The project’s main objective is cost optimization, which involves automatically locating the availability zone, area, and provider that is most affordable for the desired resources.
Skypilot, an open source framework for running machine learning workloads on the major cloud providers through a uniform interface, was been released by a group of researchers at the RISELab at UC Berkeley.
The system automatically decides which AWS, Azure, and Google Cloud regions have the resources (CPU/GPU/TPU) needed to run the project, as well as which are the most cheap.
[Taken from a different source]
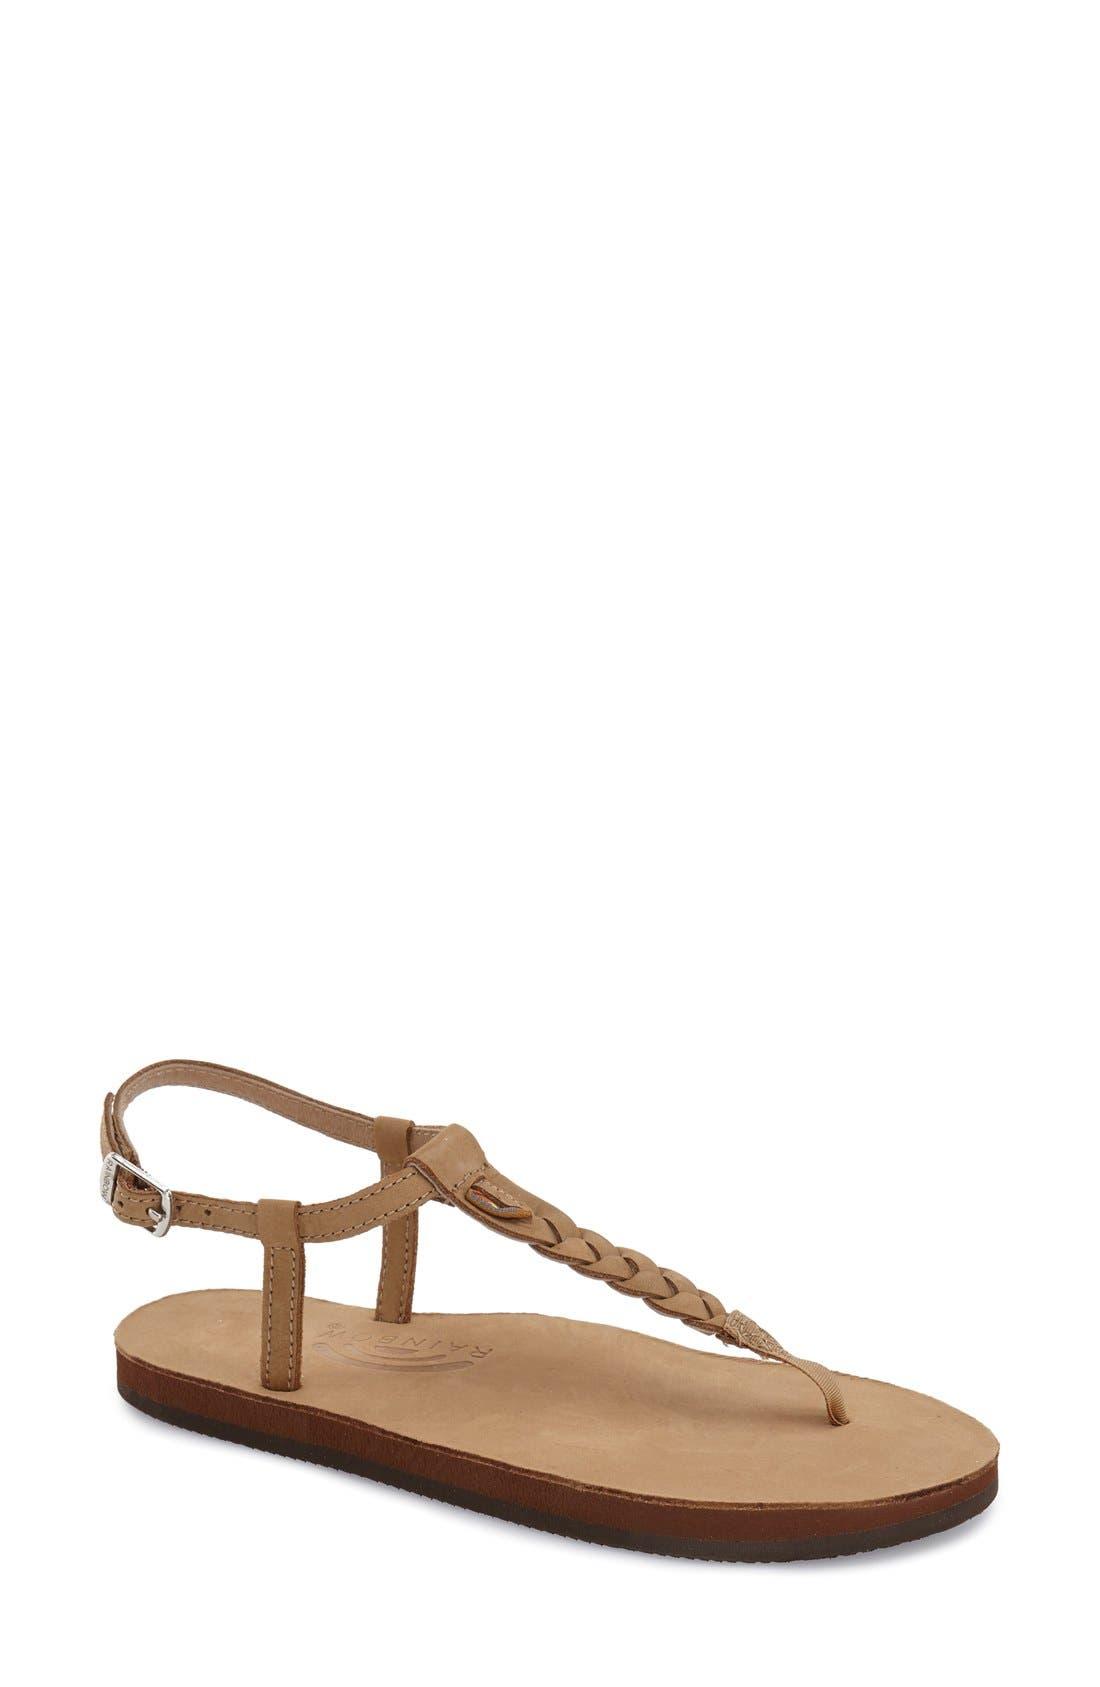 RAINBOW 'T-Street' Braided T-Strap Sandal

Skypilot then completes three primary tasks: it controls job queueing and execution, synchronises user code and files to the destination, and provisions the cluster with automatic failover to other sites if there are capacity or quota difficulties.
SkyPilot is not the RISELab’s first open source initiative aimed at reducing cloud costs. The research centre released SkyPlane, which speeds up and lowers the cost of transferring huge datasets between cloud providers.
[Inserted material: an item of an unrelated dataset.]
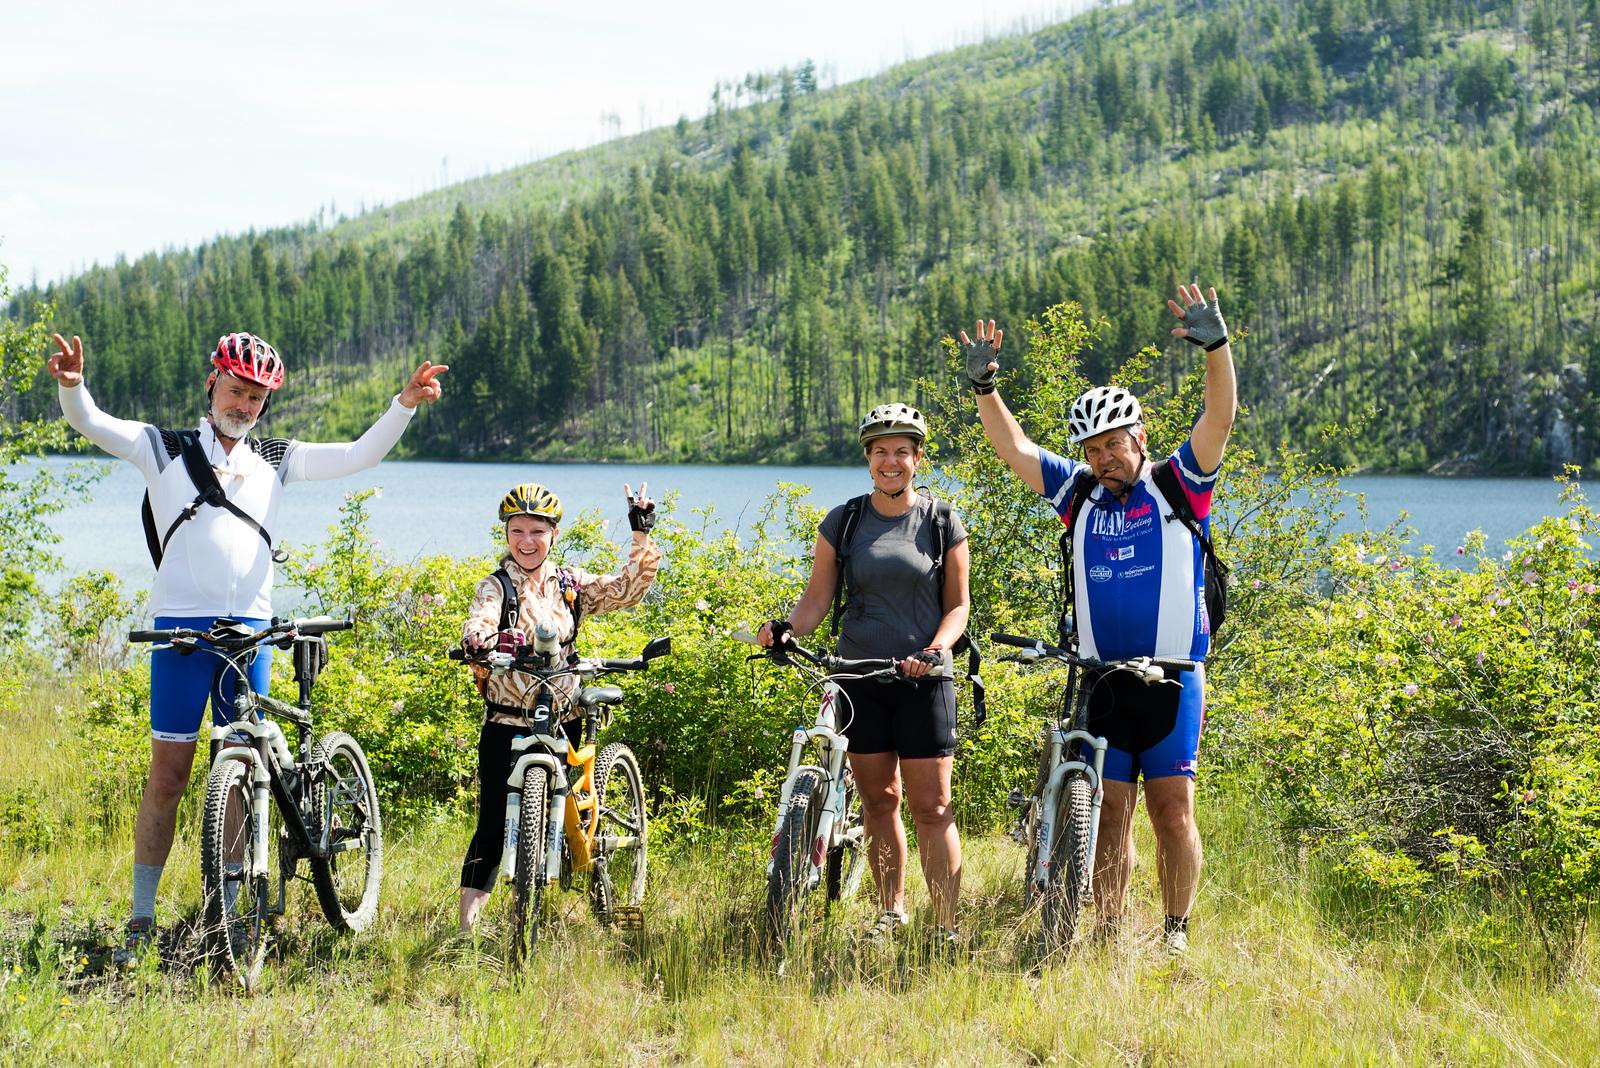 Canada: British Columbia Okanagan KVR Bike

The authors advise developing multi-cloud applications, utilising best-in-class hardware, and expanding the accessibility of limited resources like top-tier NVIDIA V100 or A100 GPUs, among other advantages of SkyPilot.
The framework has two features: Managed Spot, a way to use less expensive spot instances with automatic preemption recovery, and Autostop, a way to automatically clear up unused clusters. To aid developers in comprehending how the project functions, the team published a set of Jupyter notebooks.